Korean J Radiol.  2019 Jul;20(7):1138-1145. 10.3348/kjr.2018.0899.

Analysis of Apparent Diffusion Coefficients of the Brain in Healthy Controls: A Comparison Study between Single-Shot Echo-Planar Imaging and Read-out-Segmented Echo-Planar Imaging

Affiliations
  • 1Department of Radiology, Seoul St. Mary's Hospital, Seoul, Korea. hyunchoi@yonsei.ac.kr
  • 2Department of Radiology, Research Institute of Radiological Science, Severance Hospital, Yonsei University College of Medicine, Seoul, Korea.

Abstract


OBJECTIVE
To compare apparent diffusion coefficients (ADCs) of brain segments by using two diffusion-weighted imaging acquisition modes, single-shot echo-planar imaging (ss-EPI) and read-out-segmented echo-planar imaging (rs-EPI), and to assess their correlation and agreement in healthy controls.
MATERIALS AND METHODS
T2-weighted (T2W) images, rs-EPI, and ss-EPI of 30 healthy subjects were acquired using a 3T magnetic resonance scanner. The T2W images were co-registered to the rs-EPI and ss-EPI, which were then segmented into the gray matter (GM), white matter (WM), and cerebrospinal fluid (CSF) to generate masking templates. ADC maps of rs-EPI and ss-EPI were also segmented into the GM, WM, and CSF by using the generated templates. ADCs of rs-EPI and ss-EPI were compared using Student's t tests and correlated using Pearson's correlation coefficients. Bland-Altman plots were used to assess the agreement between acquisitions.
RESULTS
ADCs of rs-EPI and ss-EPI were significantly different in the GM (p < 0.001) and WM (p < 0.001).

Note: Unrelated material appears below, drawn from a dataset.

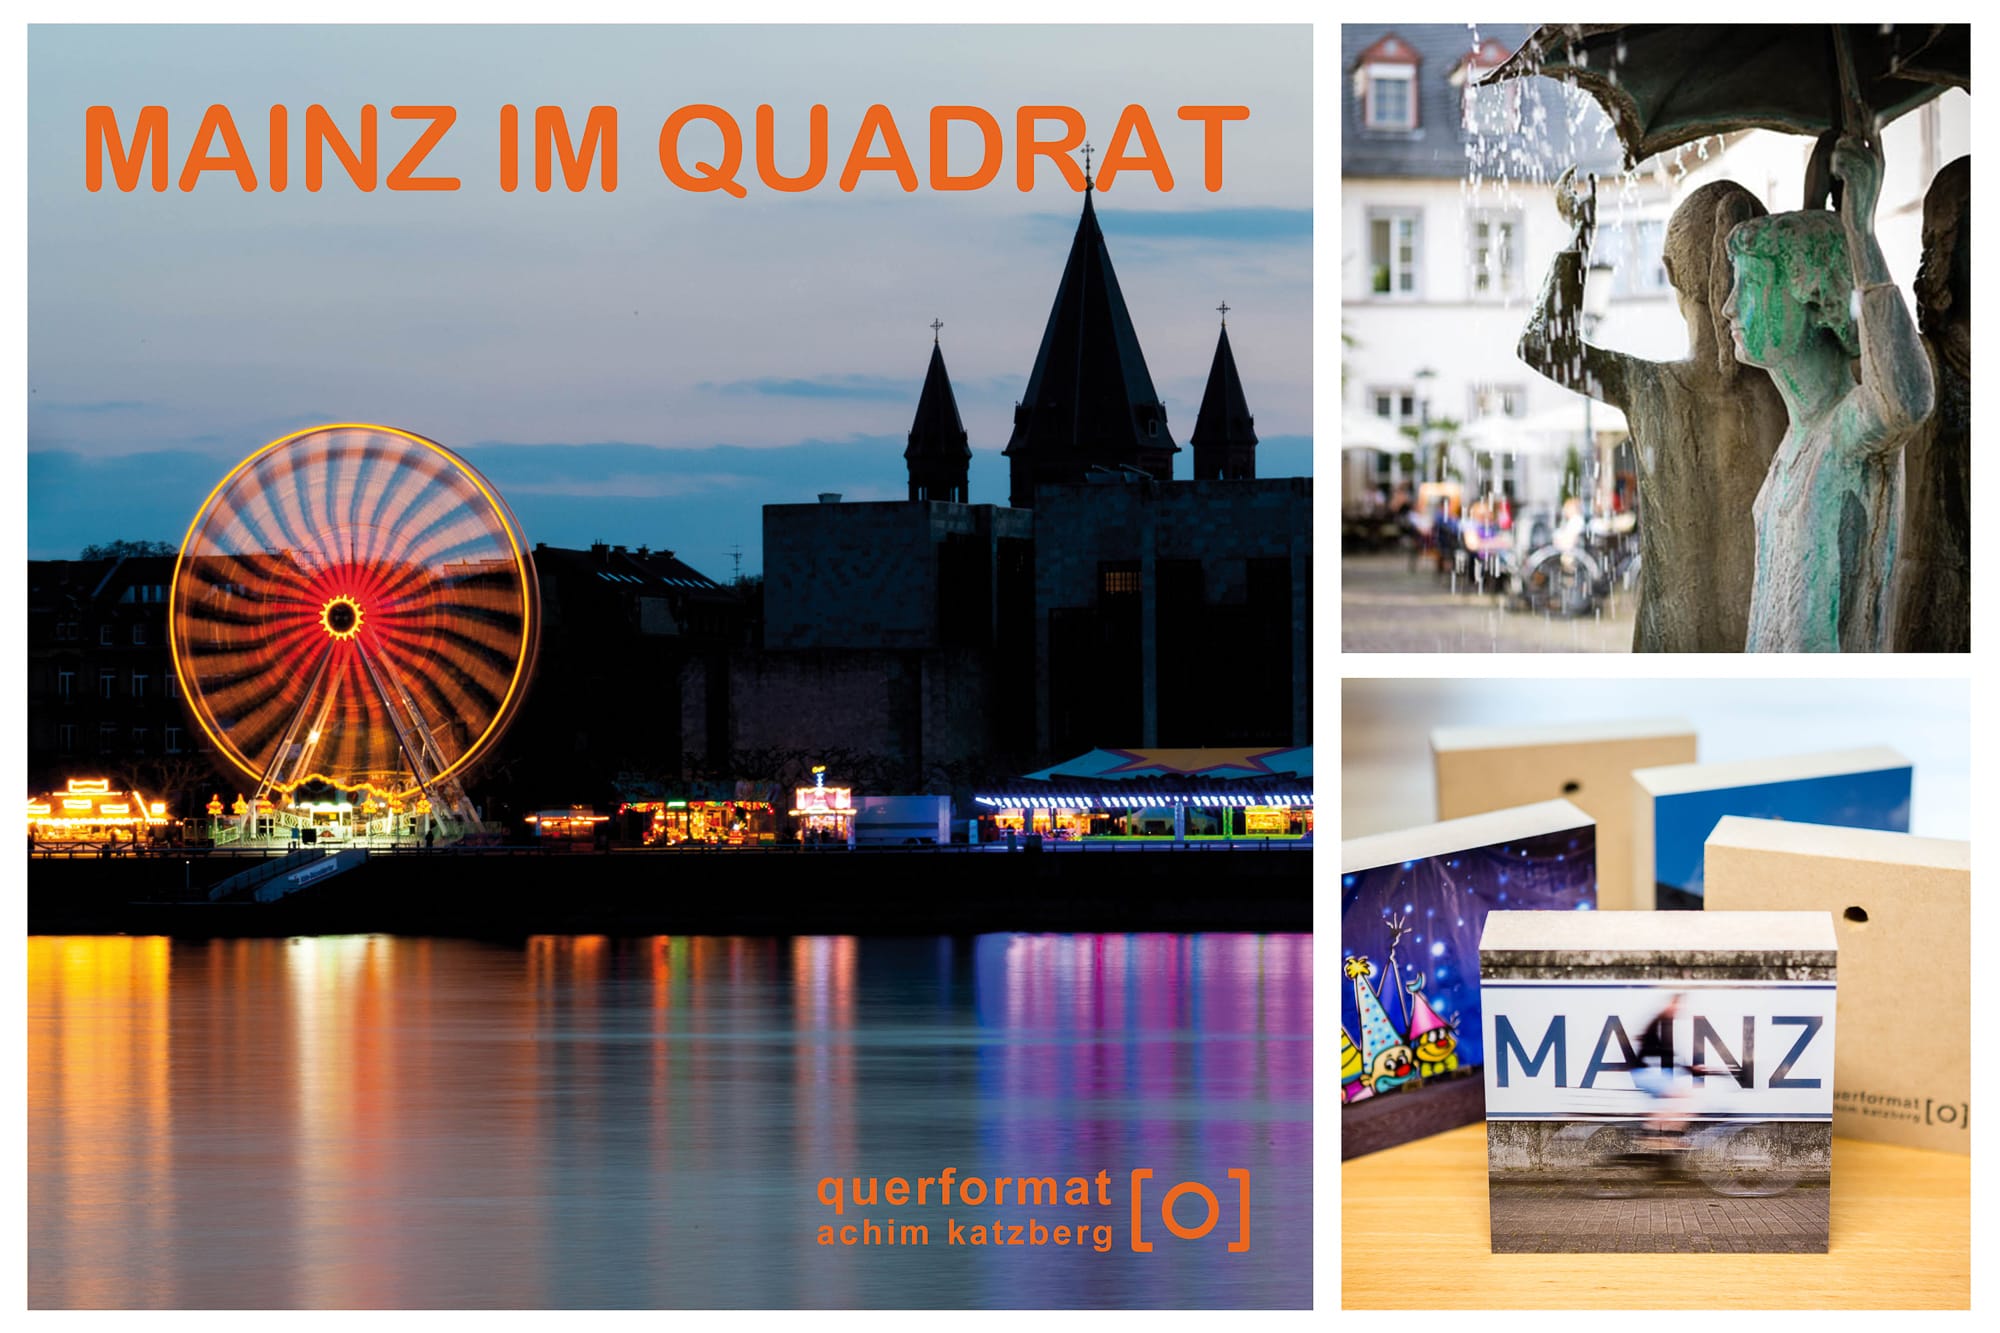 querformat-fotografie - Achim Katzberg - MAINZ IM QUADRAT - neue Vertriebspartner - querformat-fotografie_Mainz im Quadrat - Vertriebspartner-001-3
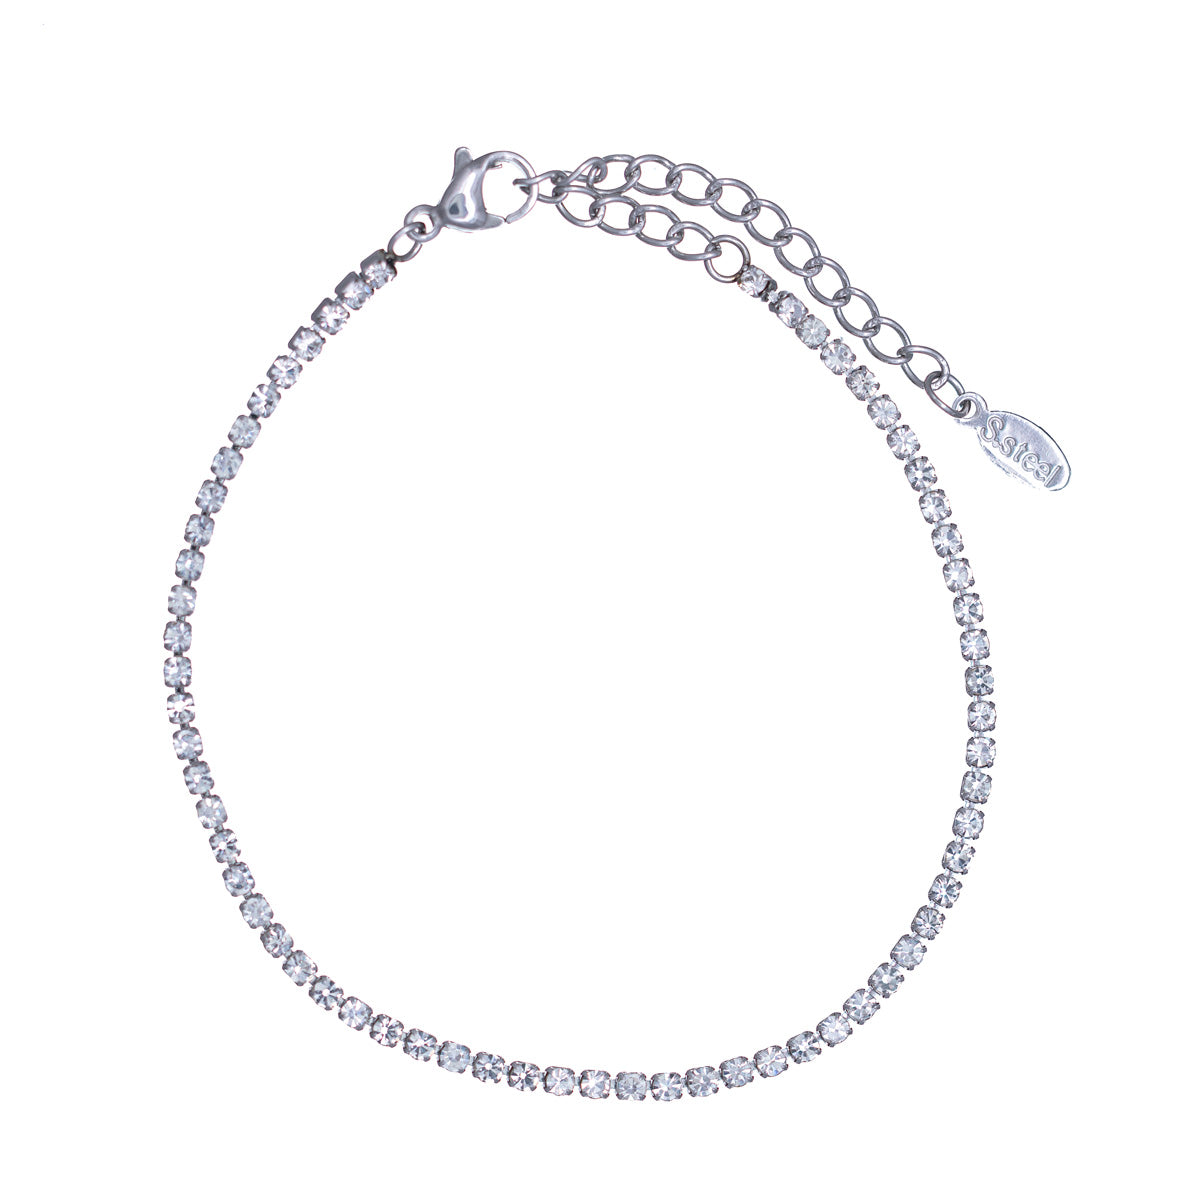 Narrow rhinestone bracelet with clear stones (Steel 316L)

ADCs showed high agreement and correlation in the whole brain and CSF (r > 0.988; p < 0.001). ADC of the WM showed the least correlation (r = 0.894; p < 0.001), and ADCs of the WM and GM showed poor agreement. Pearson's correlation equations for each brain segment were y = 1.1x - 59.4 (GM), y = 1.45x - 255 (WM), and y = 0.98x - 63.5 (CSF), where x and y indicated ADCs of rs-EPI and ss-EPI, respectively.
CONCLUSION
While ADCs of rs-EPI and ss-EPI showed high correlation and agreement in the whole brain and CSF, ADCs of the WM and GM showed significant differences and large variability, reflecting brain parenchymal inhomogeneity due to different regional microenvironments. ADCs of different acquisition methods should be interpreted carefully, especially in intra-individual comparisons.

Keyword

Apparent diffusion coefficient; Diffusion-weighted imaging; Single-shot echo-planar imaging; Read-out-segmented echo-planar imaging; Magnetic resonance imaging

MeSH Terms

Brain*
Cerebrospinal Fluid
Diffusion*
Echo-Planar Imaging*
Gray Matter
Healthy Volunteers
Magnetic Resonance Imaging
Masks
White Matter

Figure

  • Fig. 1 Representative images of 55-year-old healthy subject.A, B. rs-EPI at b = 0 and b = 1000. D, E. ss-EPI at b = 0 and b = 1000. ADC map of whole brain calculated using rs-EPI (C) and ss-EPI (F). G. Mask template of WM, GM, and CSF. ADC = apparent diffusion coefficient, CSF = cerebrospinal fluid, GM = gray matter, rs-EPI = read-outsegmented echo-planar imaging, ss-EPI = single-shot echo-planar imaging, WM = white matter

  • Fig. 2 Box plots for ADCs of rs-EPI and ss-EPI in whole brain (A), GM (B), WM (C), and CSF (D).Corresponding p values between two ADCs are shown in upper left corners.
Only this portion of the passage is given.